Fenton was ranked as a high end three-star recruit by major recruiting services such as ESPN, 247Sports, and Rivals and held numerous Power 5 offers. Fenton chose South Carolina Gamecocks football over Florida and Louisville.

College career
Fenton played four years of college football at the University of South Carolina. Fenton was a solid cover corner who has appeared in 48 games while making 30 starts. Fenton recorded 122 tackles, five interceptions, 24 passes defended, one forced fumble along with one fumble recovery. Fenton logged a 24.8-yard career kick return average, second in school history, including one kickoff return for a touchdown.

Fenton started off his college football career for the 2015 South Carolina Gamecocks football team as a true freshman seeing limited time and returning kicks. Coach Steve Spurrier resigned mid-season as well.
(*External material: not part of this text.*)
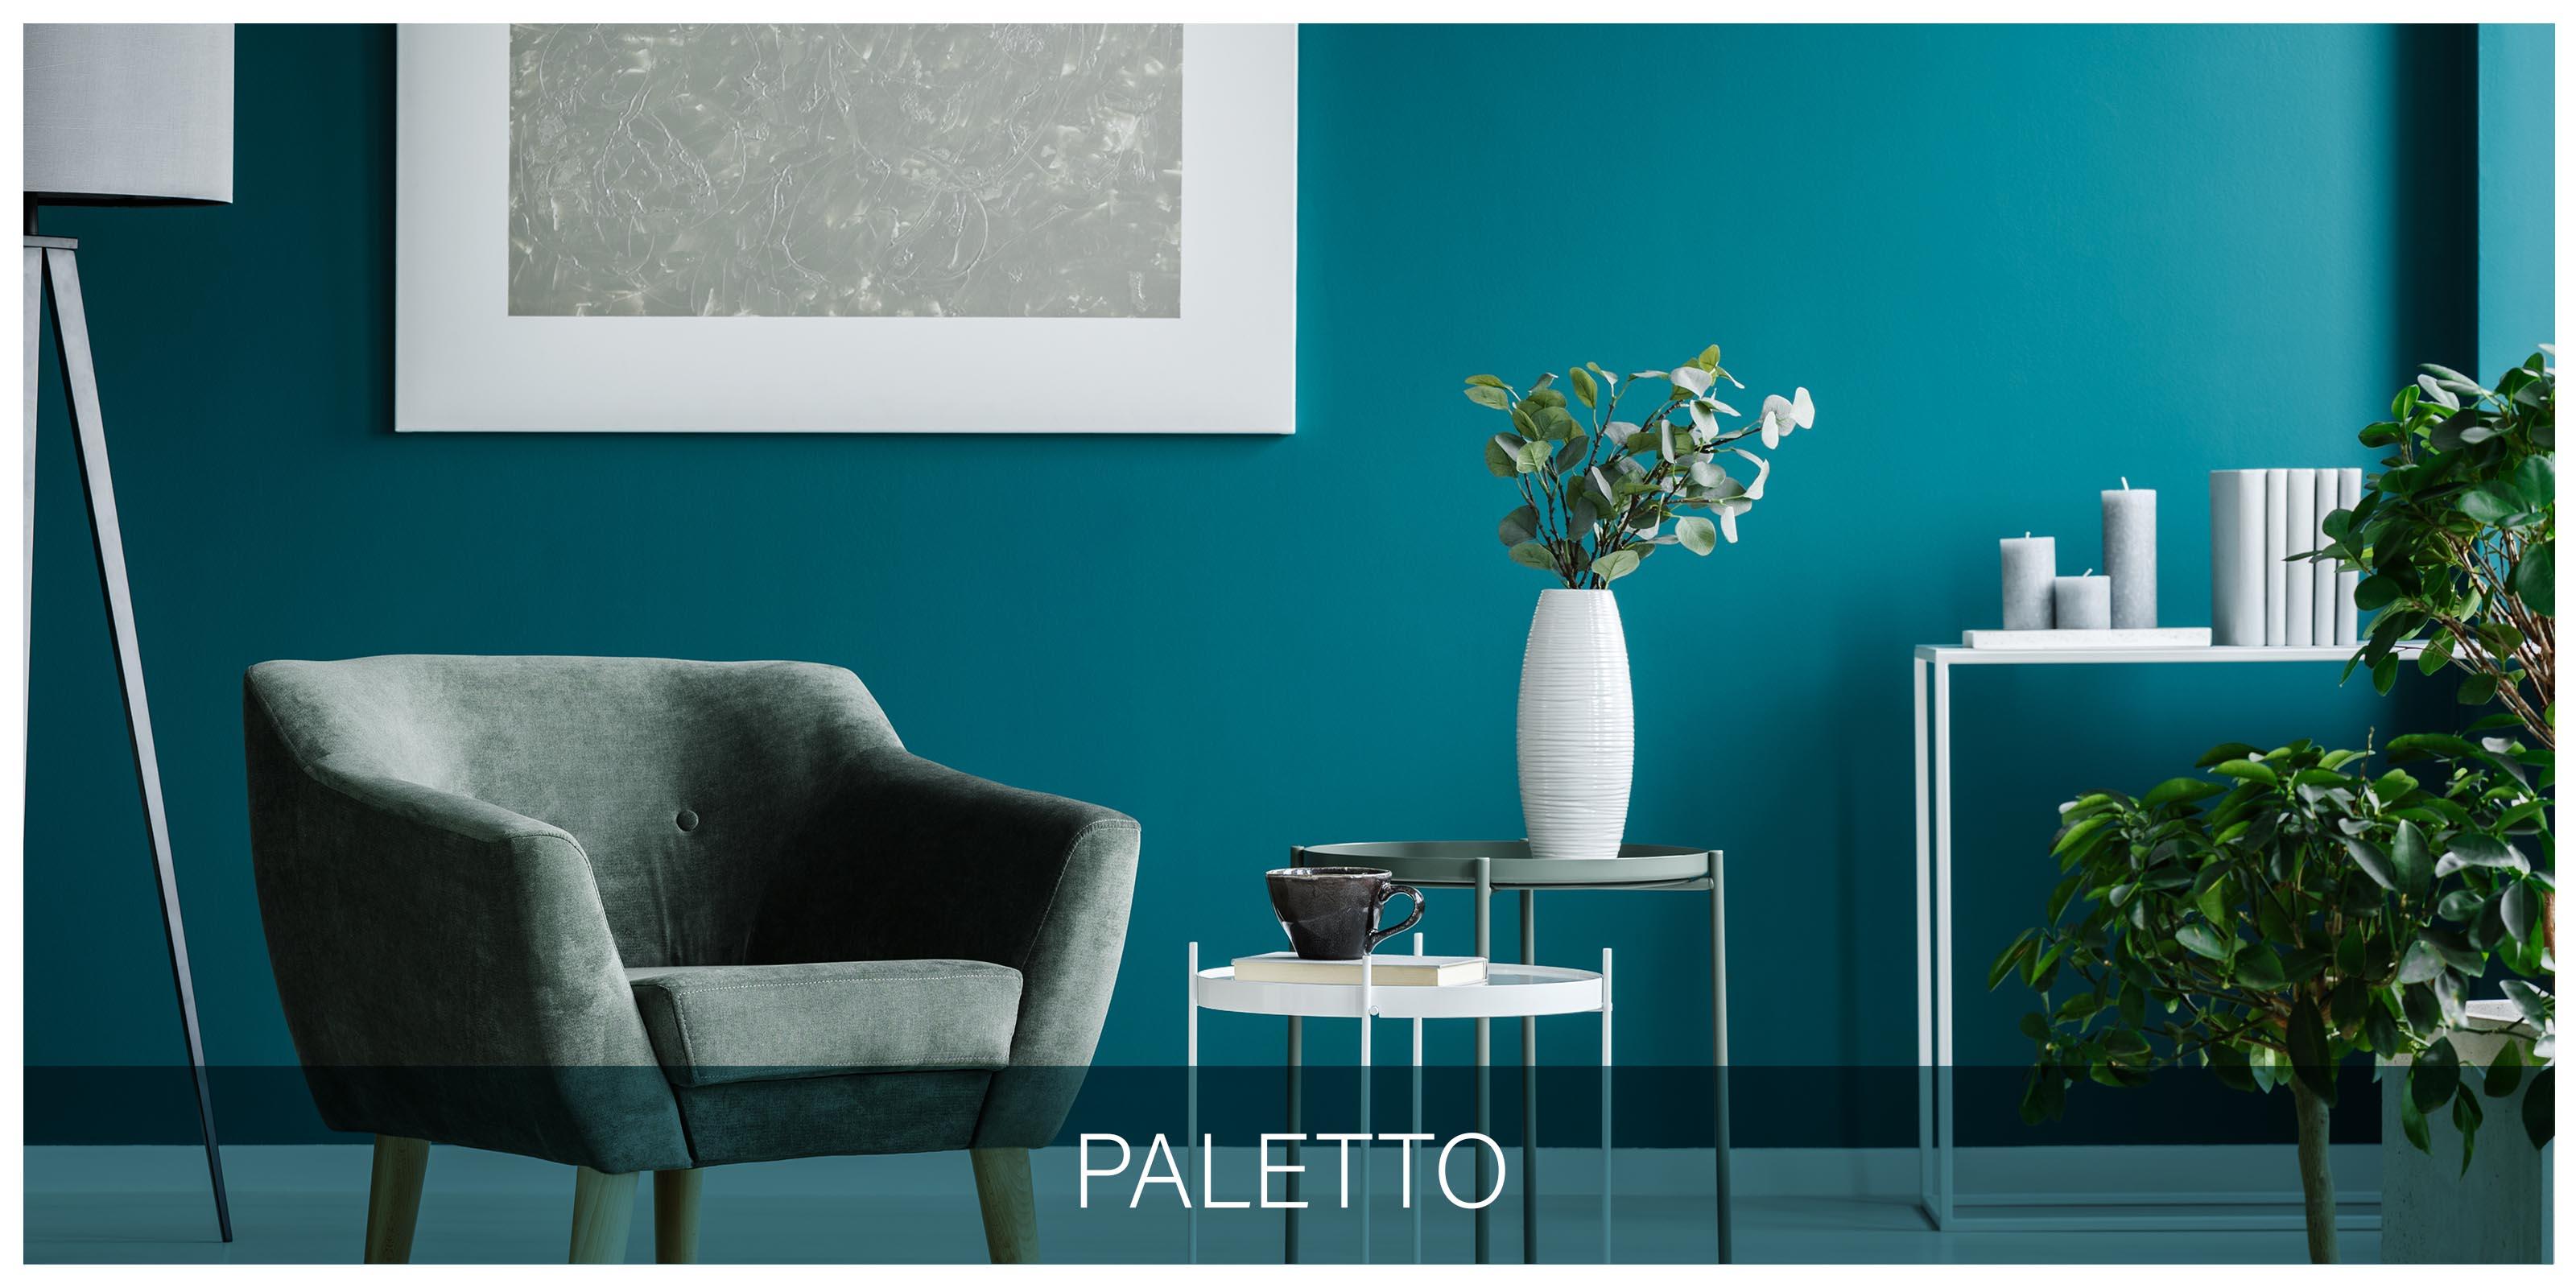 paletto 2blok-sfeer-tekst

For the 2016 South Carolina Gamecocks football team as a true sophomore, Fenton appeared in 12 games with seven starts for first year coach Will Muschamp. For the season Fenton logged 38 tackles, 1.5 tackles for loss, a half a sack, one forced fumble, five pass breakups, and one interception

Prior to his senior campaign the 2018 season, Fenton was named to Athlon Sports’ 2018 pre-season fourth-team All-SEC unit. During his senior season in 2018 he was generally considered the Gamecocks top cover corner. Fenton also split his season playing time at nickel and safety during the 2018 season while starting 12 of 13 games. Fenton recorded 34 tackles with 2.5 tackles for loss, six pass breakups, and 3 interception (tied for seventh in the SEC). In fact, Fenton had interceptions in three consecutive SEC games, picking off Georgia’s Jake Fromm, Vanderbilt’s Kyle Shurmur and Kentucky’s Terry Wilson. Fenton was nominated by his peers and received the “Unselfish Teammate Award” in 2018.

Professional career

Kansas City Chiefs

2019

Fenton was drafted by the Kansas City Chiefs in the sixth round with the 201st overall pick in the 2019 NFL Draft. In Week 11 against the Los Angeles Chargers on Monday Night Football, Fenton recorded his first career interception off Philip Rivers in the 24–17 win. In Week 13 against the Oakland Raiders, Fenton forced a fumble during a kickoff return on Trevor Davis which was recovered by teammate Dorian O'Daniel in the 40–9 win.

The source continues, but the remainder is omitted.